I followed her from the nursing station across the hall into a vestibule that led to Adam’s room.

“Gown and gloves. Do what I do,” she whispered. She was pulling a pale yellow gown over her clothes.

I started to do the same. But I couldn’t take my eyes off a teenage boy, suddenly visible through the window in the center of the door.

It was Adam.
My Adam.

He was yellow. Not the same yellow as the gown I was holding. His yellow was more mustard, less lemon. God, he looked sick.

Lizzie grabbed my wrist. “Focus,” she insisted. “Do what I do. Come on. Act like you’ve been here before.”

Somehow I managed to pull the flimsy gown over my clothes and snap some latex gloves onto my hands.

She handed me a face mask. “Just hold the mask up to your face. Don’t bother to tie it.” She modeled how she wanted me to do it.

I did what she did.

“You’re his doctor, not his father,” she said.

Wrong.

We walked into the room and stood beside Adam’s bed. She picked up the clipboard hanging at the foot of his bed to check his ins and outs, and then started checking the labels on the infusion bags hanging above the IV pump. I read his blank, yellow face. It took every bit of self-control I had not to crawl into the bed and hold him.

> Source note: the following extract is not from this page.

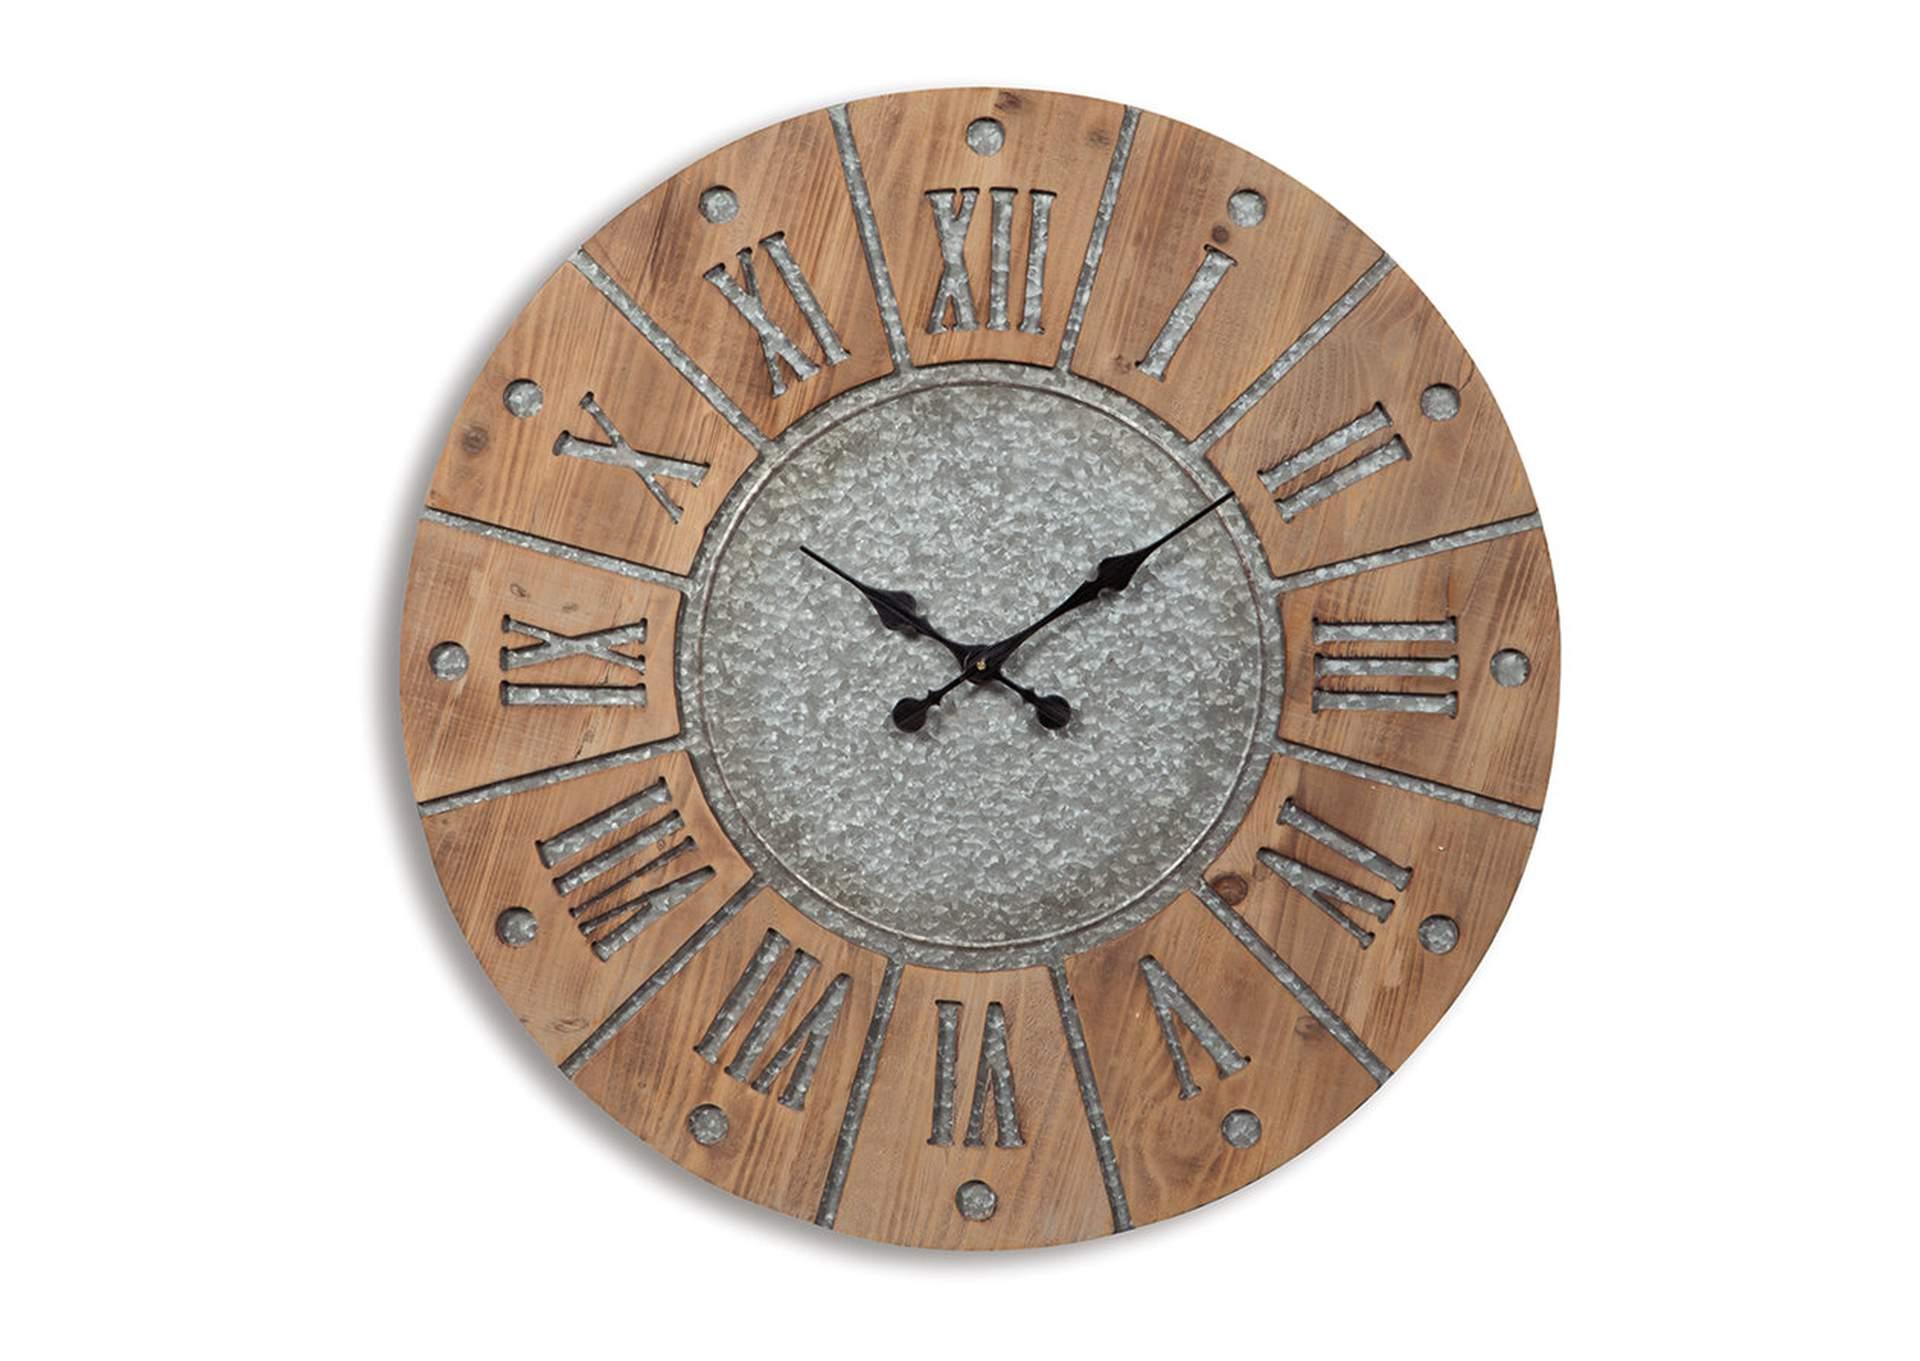 Reloj de pared Payson en gris/natural antiguo   PEDIDO ESPECIAL

He was hooked up to fifty leads, surrounded by a dozen monitors.

Lizzie said, “They’re giving him neomycin to treat encephalopathy. The chart said there was no edema so far. That’s good.”

What?
“Edema?” I whispered, parroting her. The word was, of course, familiar, but I couldn’t put a definition to it.
I should know what that means,
I thought.
I should.

“Swelling in his brain. It would be a serious complication.”

Shit.
“Can he hear me?” I asked.

“I doubt it. No.” She paused. “Maybe.”

“I need to tell him things.”

The intercom sounded from a location near the door. I almost jumped out of my shoes.

“Doctor? Those labs are back,” the unit clerk said in the exact same bored voice she’d used earlier.

“Thank you. I’ll be right out,” Lizzie said. To me, she whispered, “I’m going to go look at the labs. You stay here while I do. Remember, you’re a doctor, not a father. People don’t know you; they’ll be watching.”

She took a step toward the door before she stopped and turned back toward me.

“What I was fearing? It’s happening. Adam needs a transplant. Without it, he could die. They’re looking for a donor liver.”

“What?”

What?

“He could die without a new liver.”

“When?”

“Soon.”

“What soon? Next week? Next month?”

“Sooner,” she said. She stepped from the room.